Swami Sivananda was born on August 8, 1896, shows his passport. If the information is correct and not a clerical error, the sprightly monk from Varanasi is 120 years old, which makes him the oldest man to have ever lived.
In India, people who cross the age of 60 live to be 77 on average, almost a decade more than the nation’s life expectancy at birth of 68 years -- brought down by high newborn and child deaths, shows World Health Organization (WHO) data.
While Indians are living longer, they are not living healthier. Close to two in three over the age of 65 have trouble eating, bathing, dressing, getting in and out of bed, or using the toilet on their own.
How does Sivananda, then, stay active, travel alone and free of disease at 120? He puts it down to a disciplined life with two hours of yoga, no sex and a bland food.
“I eat very simply -- only boiled food without oil or spices, rice and boiled dal (lentil stew) with a couple of green chillies,” he told AFP news agency.
Sivananda is right, in part. Yoga helps as does nutritious food, but that’s not all you need to do to live long.

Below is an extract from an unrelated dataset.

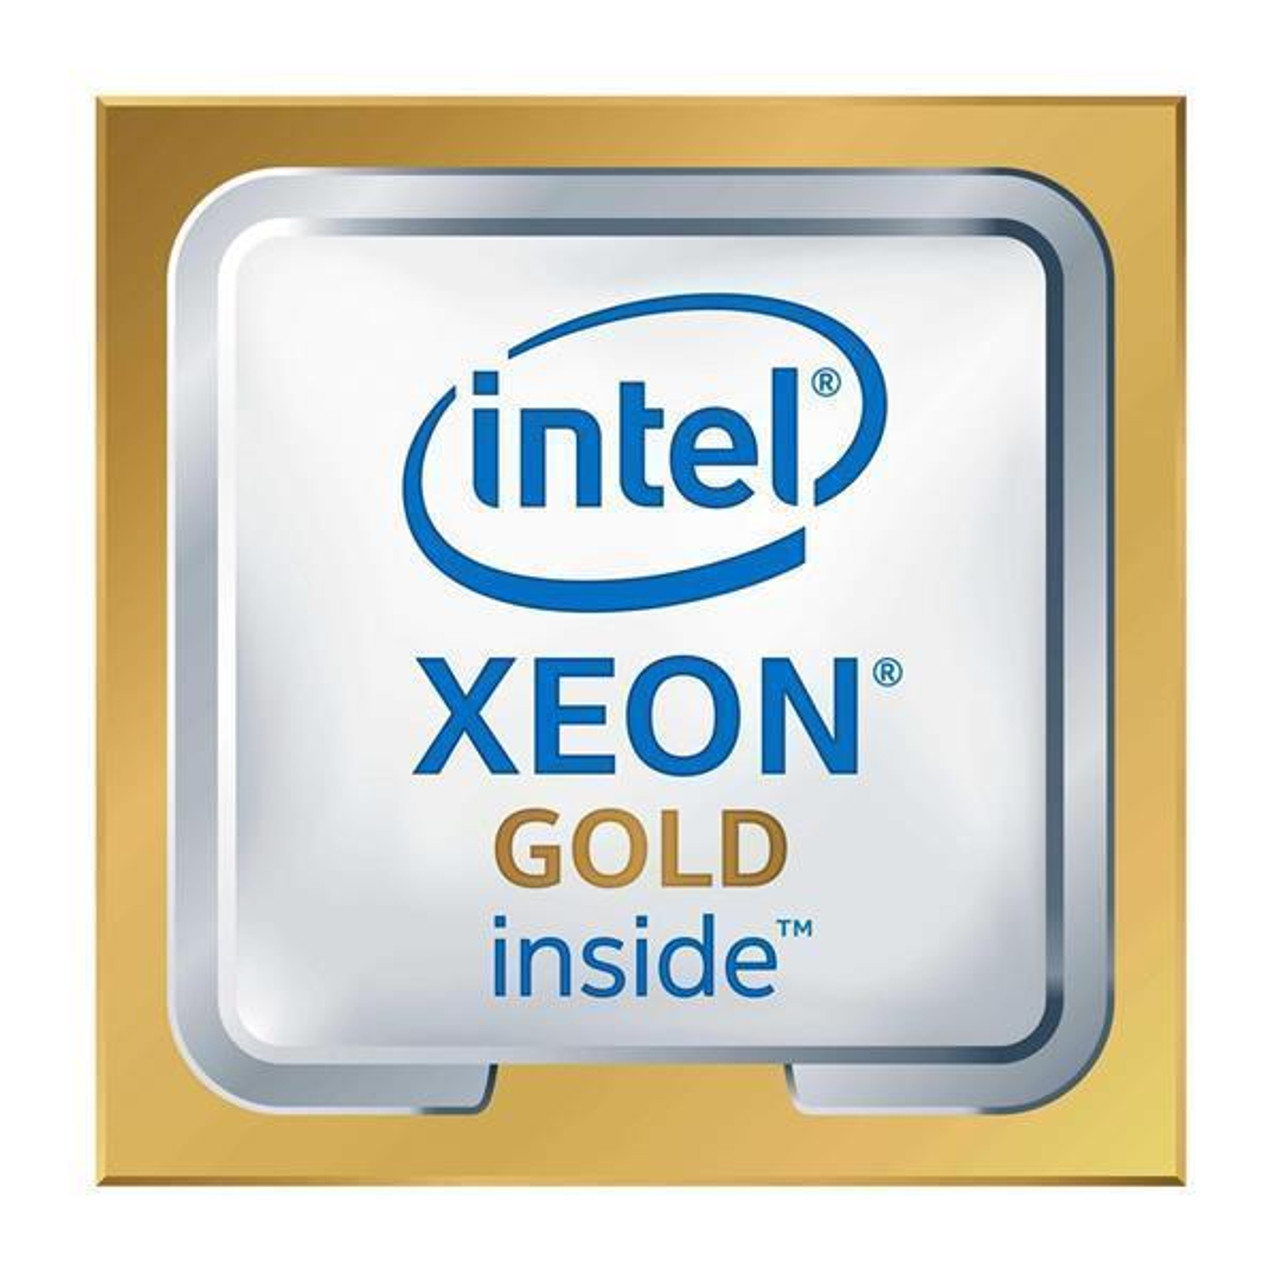 HPE 2.20GHz 42MB L3 Cache Socket FCLGA4189 Intel Xeon Gold 6330N 28-Core Processor Upgrade for Edgeline E920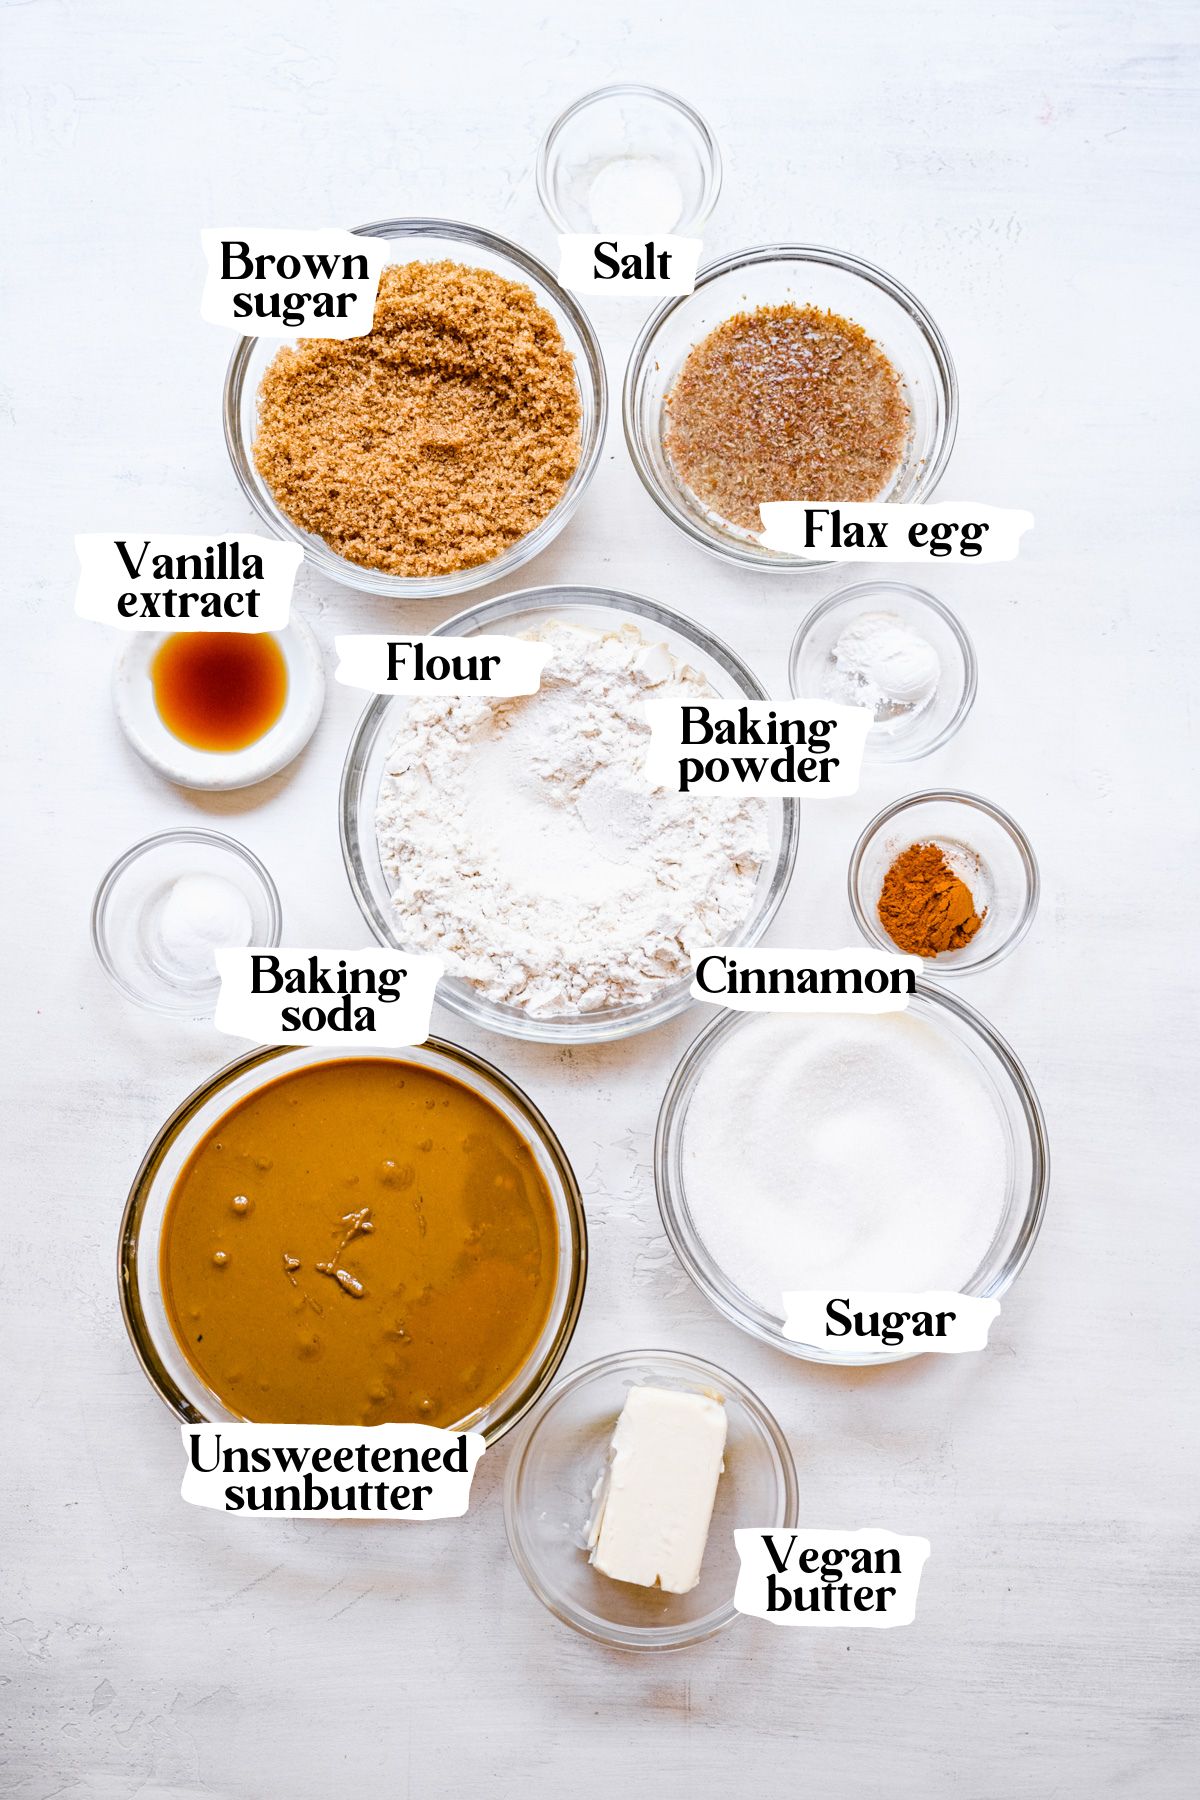 Sunbutter cookie ingredients including flour, sugar and a flax egg.

Here are five things that determine how long and active you will be at 80 and beyond:
A Mediterranean diet with lots of vegetables, fruits, nuts, beans and peas, unrefined grains, olive oil and fish and limited amounts of dairy, meat and saturated fats not just protects your heart but also help you live longer, show research from Harvard Medical School.
The Mediterranean diet protects telomeres that sit at the ends of your chromosomes and stop the ends from fraying. Telomere length is a biomarker of aging: Shorter telomeres are associated with a lower life expectancy and higher rates of developing chronic diseases. Telomerase can mitigate, and possibly stop, cell aging.
2 Meditation and yoga
Yoga and meditation retreat helps you live longer, global studies have shown. People who meditate regularly have on average about 30% more activity of the enzyme telomerase than people who don’t, found a study. Telomerase is responsible for repairing telomeres, which become shorter and less effective at protecting the chromosome with age.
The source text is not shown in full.